Category: Plant Science (Page 5 of 9)

Plant Science: Chlorophyll and Other Leaf Pigments

Plants have chemicals in their leaves that can convert sunlight, water, and carbon dioxide to food in the form of sugars. The process is called photosynthesis. The chemicals in the leaves that absorb light are pigments. The most common pigments that convert sunlight energy are green pigments called chlorophyll. Other pigments found in leaves include xanthophylls, carotenes, and anthocyanins (see below for definitions).

Chromatography Activity

How do scientists study the colors in plants? One way is to perform a simple color separation or “chromatography.”  Let’s look for the pigments found in growing plant leaves, in this case fresh spinach which is full of pigments.

The chromatography requires time, at least an hour, so prepare your children in advance. It also requires rubbing alcohol.  Read and follow the warnings on the alcohol bottle label carefully.

You will need:

  • A fresh spinach leaf per child
  • Small clean containers, like a yogurt cups or jars, one per child
  • Tool to chop the spinach leaves (requires adult supervision)
  • Rubbing alcohol
  • Stirring utensil that will fit in containers
  • Coffee filter cut into about ¾-inch-wide strips that will fit into the container from top to bottom, one per container

Chop up the spinach leaves into tiny pieces. Put the chopped bits into the bottom of the containers. They should cover the bottom in a layer, up to ¼-inch deep. Pour in just enough rubbing alcohol to cover the leaf bits. Stir briefly. Slide the coffee filter strip into the container, so that the bottom touches the alcohol/leaf mixture. Rest it against the side. Now wait for about an hour.

The alcohol should slowly move up dry part of the coffee filter, carrying the pigments as it goes. The heavier pigments will travel more slowly, the lightest most quickly. Once the wet alcohol “front” nears the top of the strip of coffee filter, remove it. Check the colors. Lay it on a piece of paper towel or paper and let it dry a bit. Often the colors of the pigments will show more intensely once the alcohol has evaporated.

Your coffee filter might look like this:

spinach-chromatography

The green bands at the bottom are chlorophyll pigments. The plant uses chlorophyll to convert the sun’s energy into food. If you look closely, there are two bands of green, with some yellow. Those are the two chlorophyll pigments, named chlorophyll a, and chlorophyll b. Chlorophyll a is the main type of chlorophyll. Chlorophyll b is an accessory pigment that captures light energy from a broader range of light and transfers it to chlorophyll a.

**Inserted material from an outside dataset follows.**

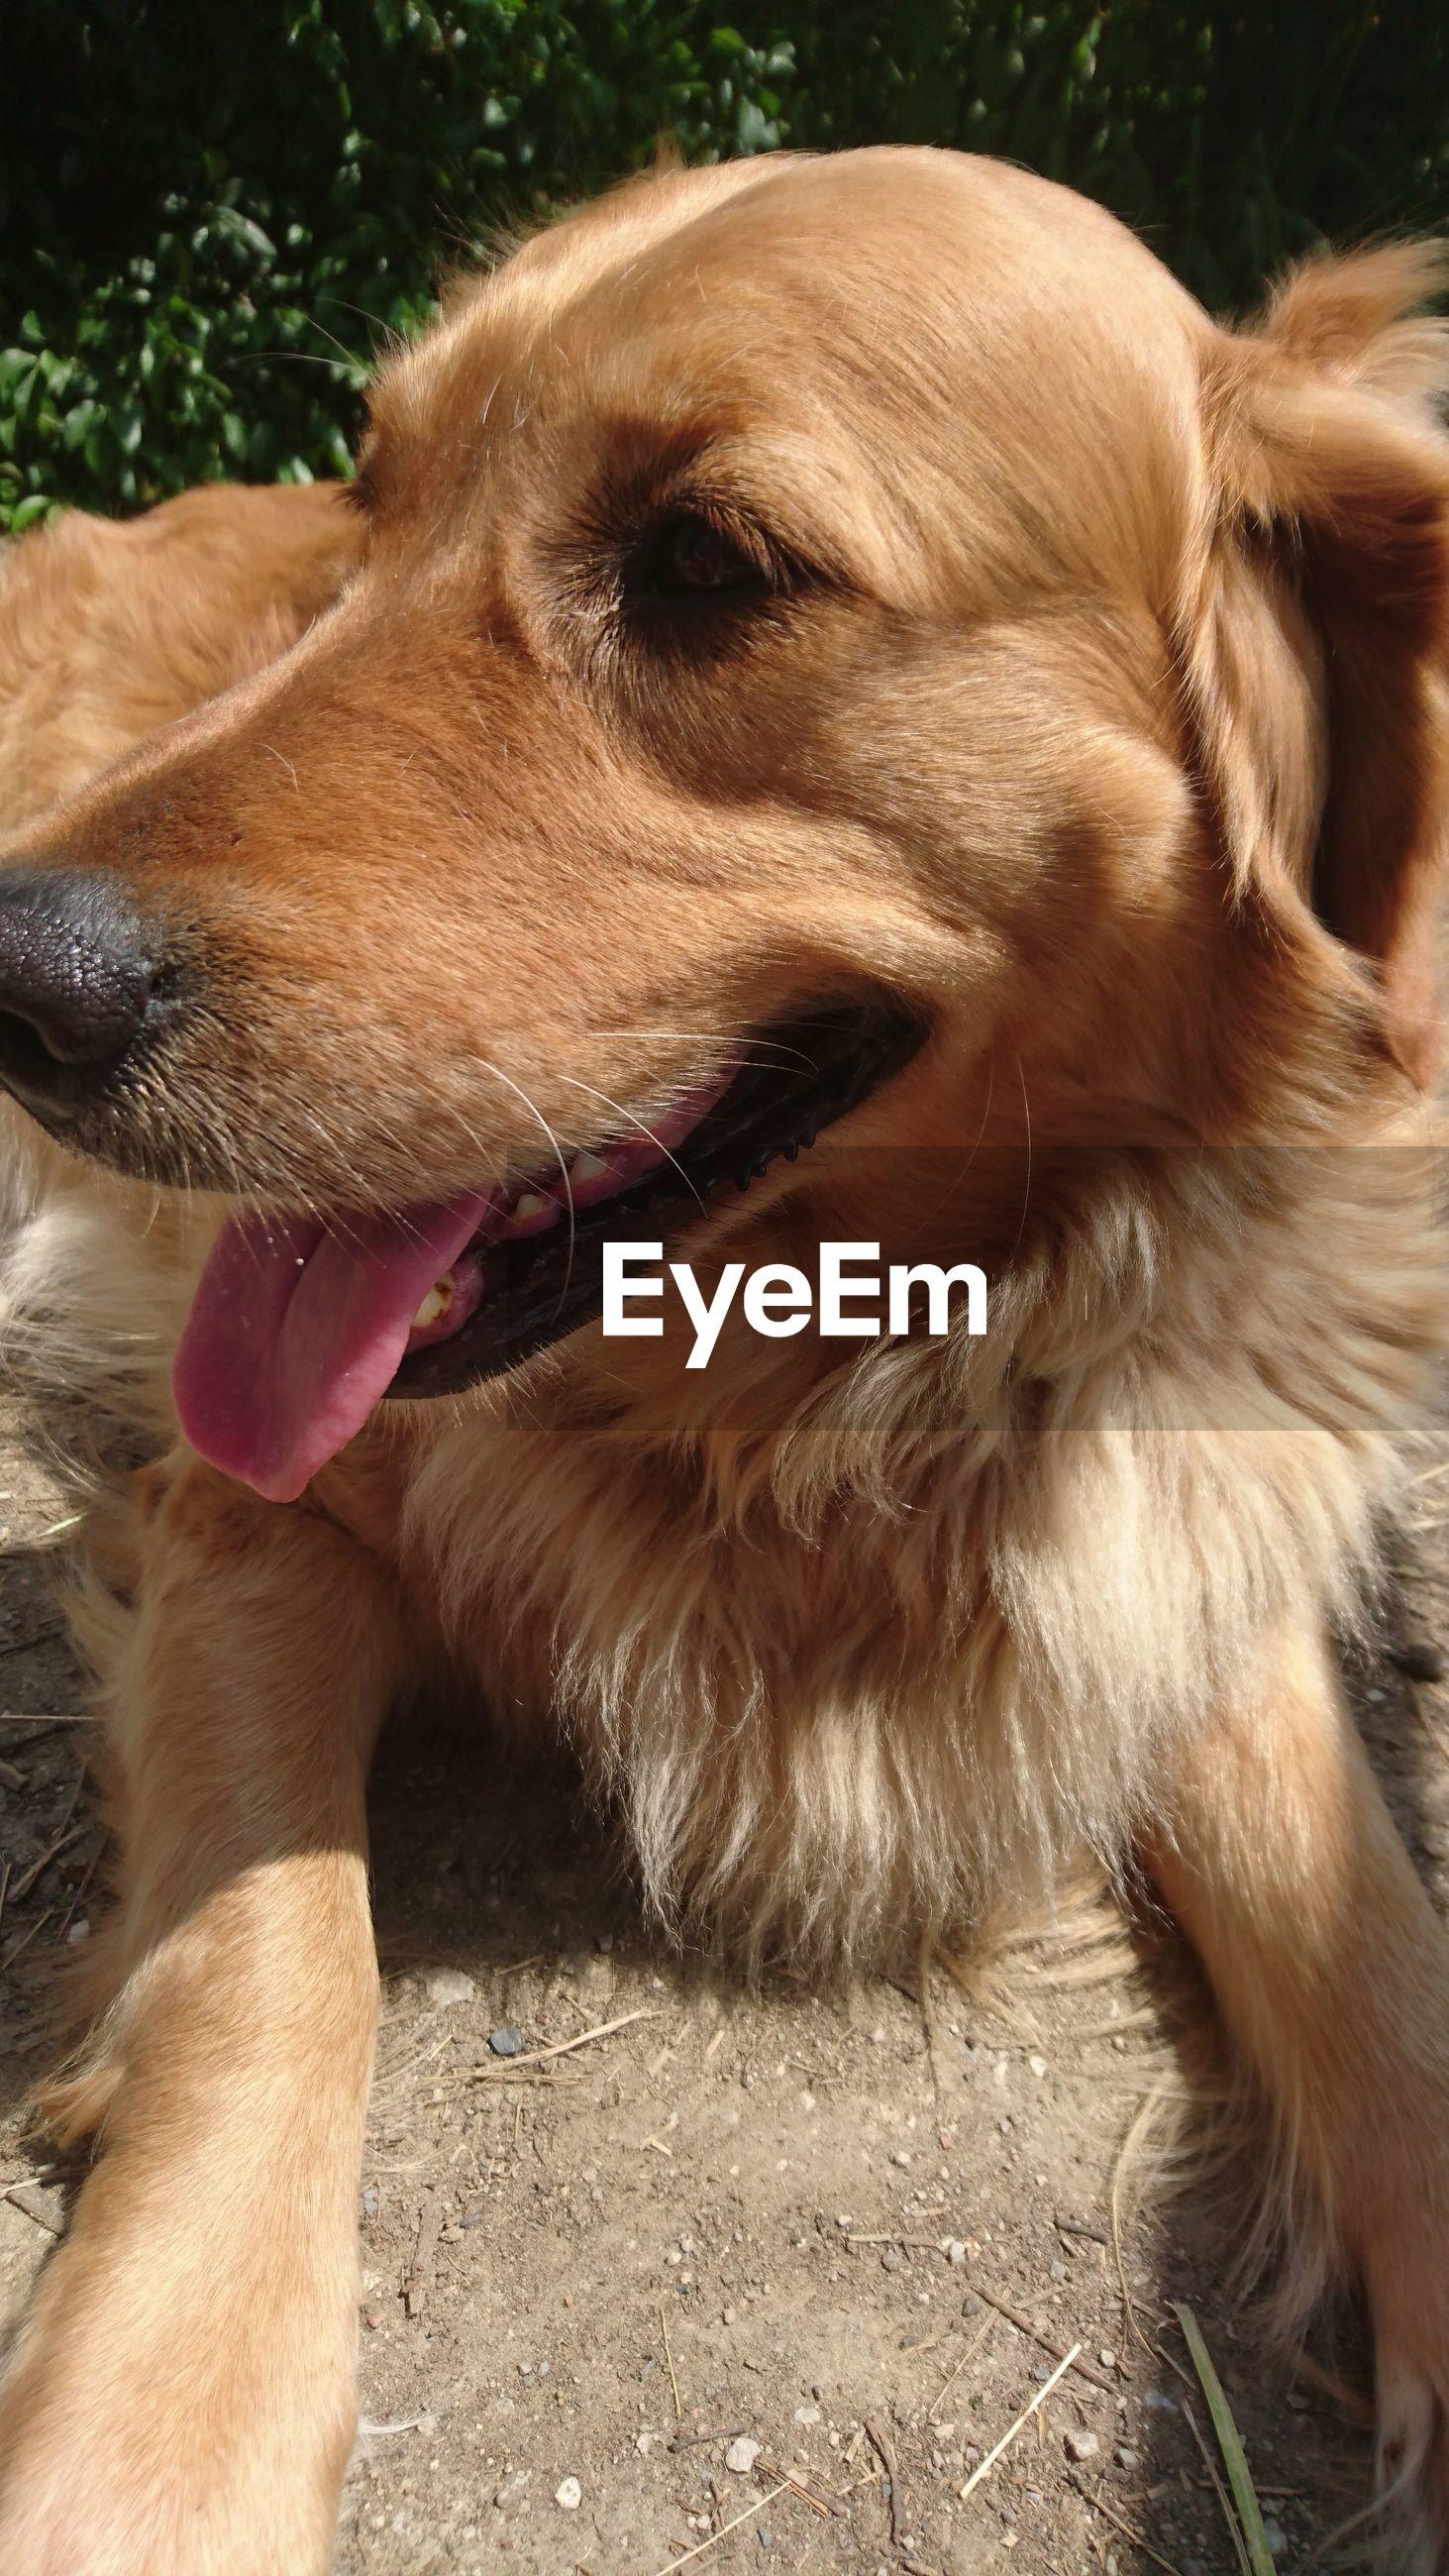 CLOSE-UP OF BROWN DOG

Just above the green is an intense yellow band. The yellow is a group of pigments called xanthophylls. Xanthophylls are what make corn yellow. When chickens eat plants with xanthophylls, they can use it in their eggs to make the yolk a deeper yellow.

At the very top, is a thin orange band. Those pigments are carotenes, named for the first plant tissue they were isolated from, carrot roots.  Carotenes are also found in pumpkins and squash. Carotenes are also used for photosynthesis.

Now compare the colors in the growing spinach leaf to those of the autumn leaf. What colors are the same? What colors are missing in the leaves? What colors are in the leaves but not in the spinach?

autumn-leaves-chromatography094

Autumn leaves lose the green pigments first. The two types of chlorophyll actually break down as the leaves begin senescence. Does the plant make the the orange and yellow carotenes and xanthophylls in response to losing the chlorophyll? No, those pigments have been there all along in the growing leaf, but masked by the deeper green chlorophyll. When the green disappears, we can see the other pigments.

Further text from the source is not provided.